SOAP Underlying Protocol Binding Framework

Last Modified: $Date: 2001/10/11 17:33:41 $

Status

This is an attempt of a write-up of a framework for SOAP bindings based on discussions within the XML Protocol WG TBTF. The document has no status whatsoever nor does it necessarily represent consensus within the TBTF or within the XML Protocol WG as a whole.

Basic Binding Model

SOAP has been designed to be carried within or on top of a variety of other protocols that as a group are called "underlying protocols". The boundary between SOAP and the underlying protocol is called a protocol binding. A binding has two purposes:

  1. It defines the syntactic and semantic rules for passing an outgoing SOAP message from SOAP to the underlying protocol for the purpose of sending that message to another SOAP node
  2. It defines the syntactic and semantic rules for passing an incoming SOAP message from the underlying protocol to SOAP for the purpose of processing that message

The relationship between SOAP, bindings, and underlying protocols is illustrated below. Note that is not a requirement that implementations are layered in this manner. The purpose of this diagram is strictly to illustrate the abstract relationship between SOAP, bindings, and the underlying protocol.

 

Moving Data Up and Down the Stack

SOAP has the following two requirements to a binding in order to enable passing of data between SOAP and the underlying protocol:

  1. A binding must specify a mechanism for accepting a SOAP envelope described using XML infoset from SOAP and pass it to the underlying protocol.
  2. A binding must specify a mechanism for recreating a SOAP envelope described using XML infoset to SOAP from the underlying protocol.

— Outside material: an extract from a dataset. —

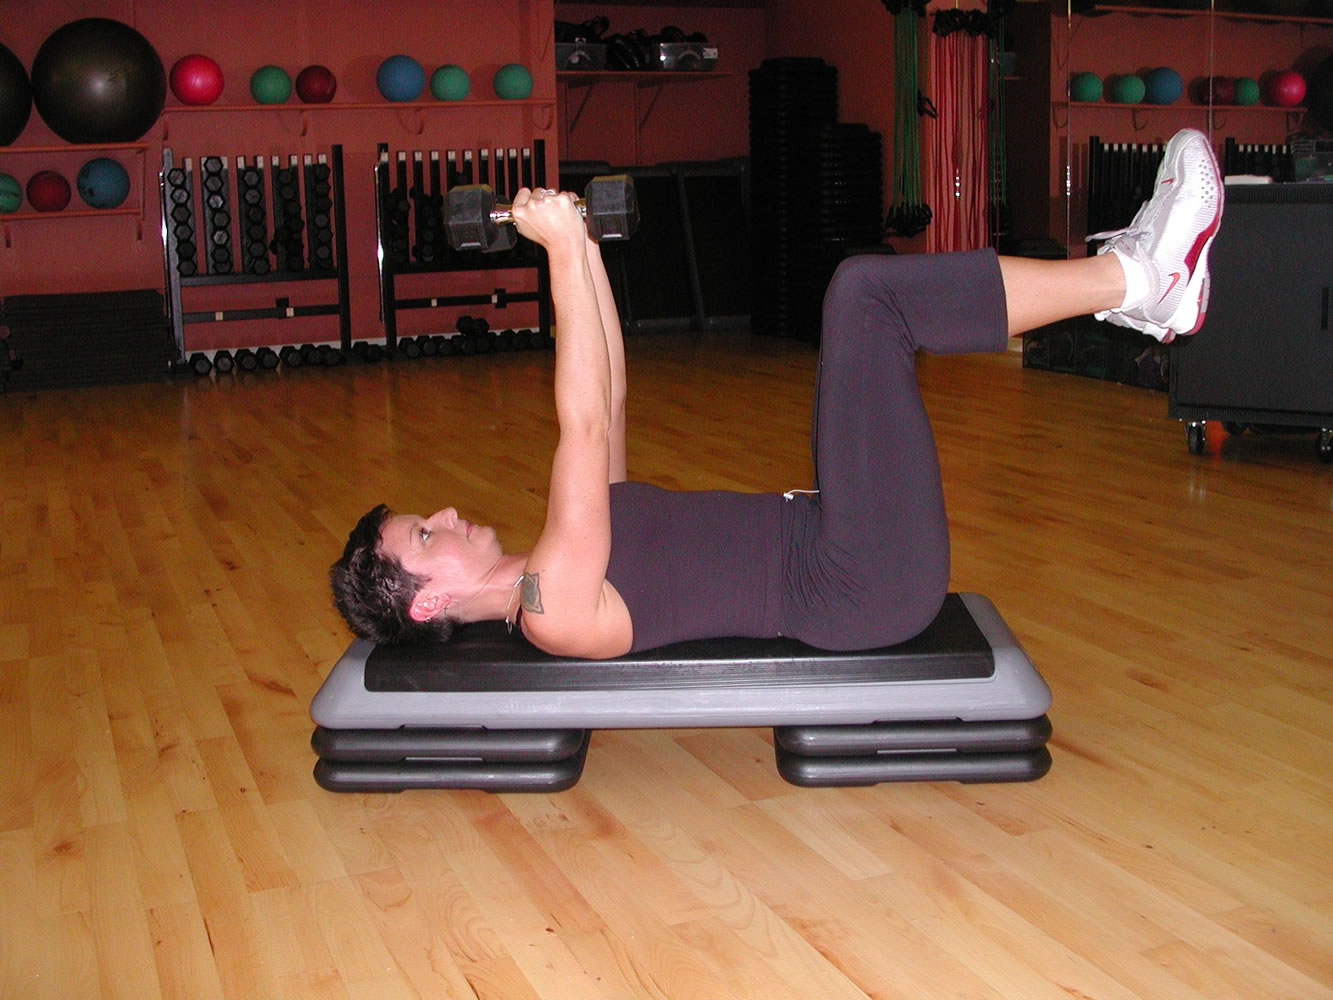 Tricep extension. Lay on your back with feet suspended in the air so that upper thighs are perpendicular to the floor and lower legs are parallel to the floor (90-degree angle at hips and knees). Keep your abdominals pulled inwards throughout the entire exercise and back neutral and completely stable.

The interactions between the binding and the underlying protocol can be in any format supported by the underlying protocol. SOAP has nothing to say about this interaction.

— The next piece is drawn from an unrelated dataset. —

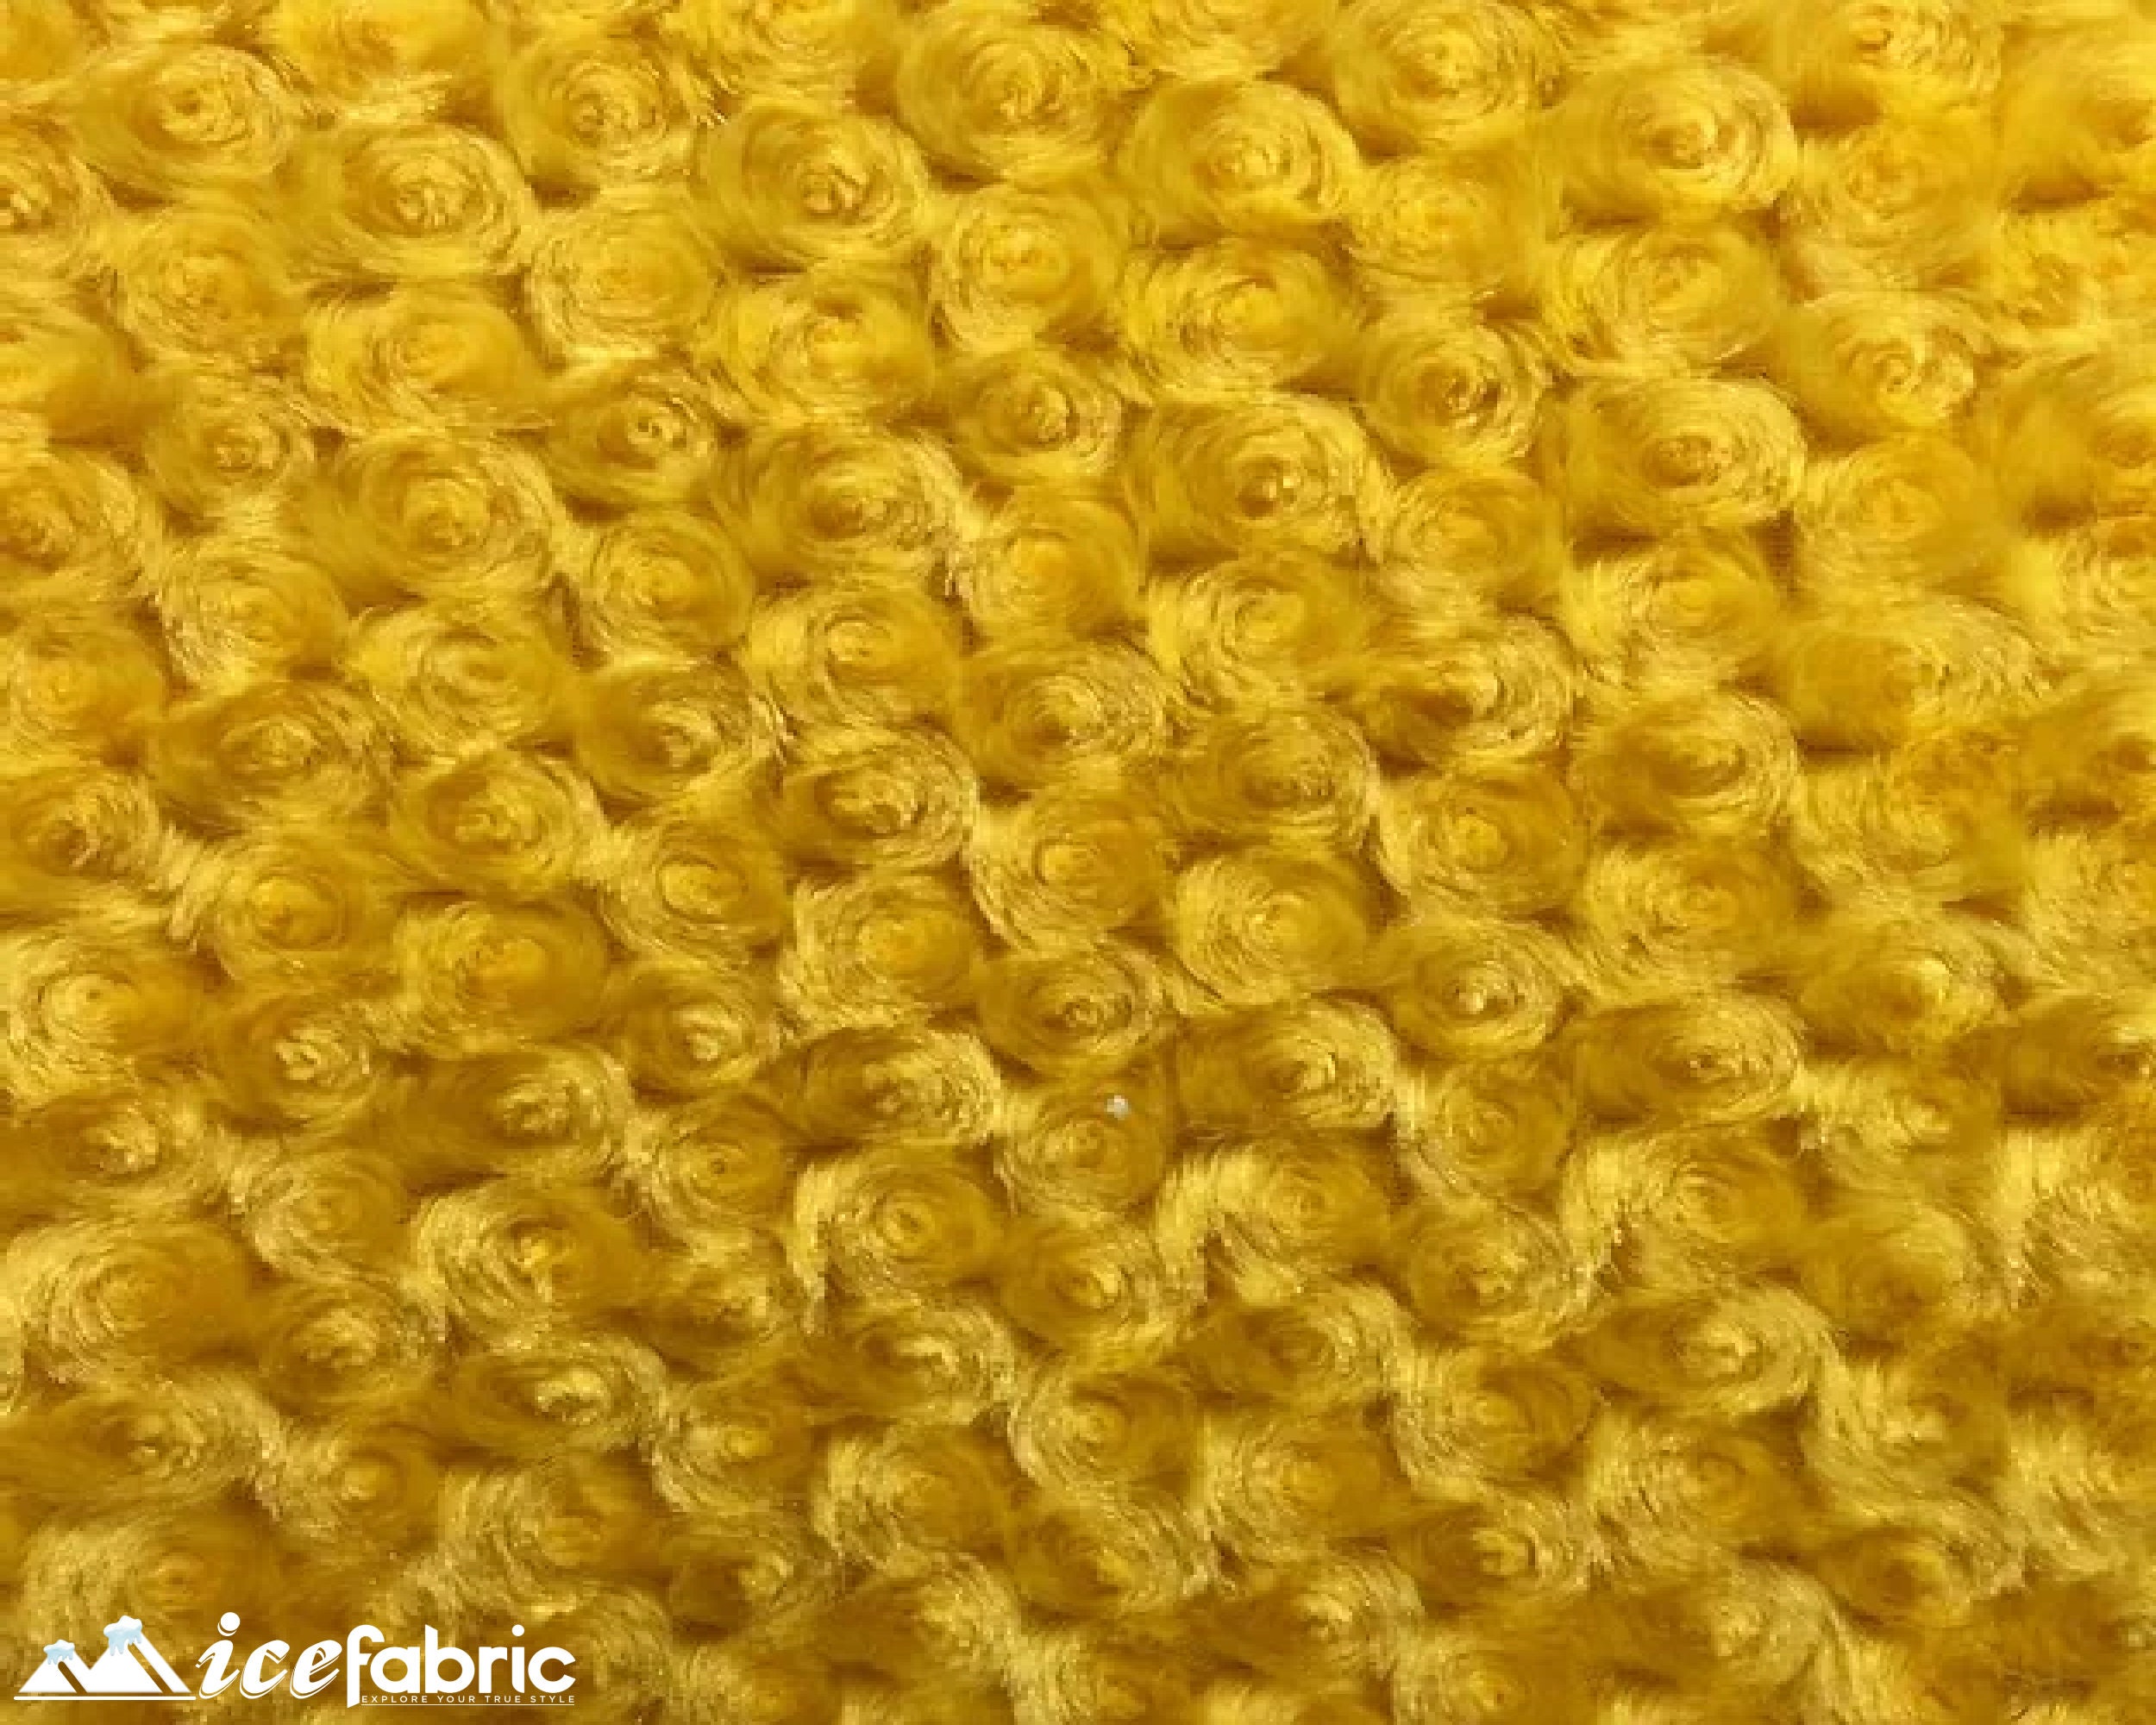 RARE Canary Yellow Antique Italian Glass Seed Beads 2mm Vivid Retro-yellow Glass  Beads for Embroidery & Jewelry Making CV235

Exchanging Data between SOAP Nodes

In addition to defining the format of the data passed between the binding and the underlying protocol, a binding must define the rules for how the data is exchanged using that underlying protocol.

Exchanging information may require additional information from higher layers not expressed directly within the SOAP message. It is outside the scope of this framework to describe how such information is communicated within a SOAP node.

Additional Properties

A binding may provide any number of properties that the SOAP layer may choose to take advantage of if so desired. It is outside the scope of this specification to describe how these properties are named or how they are described.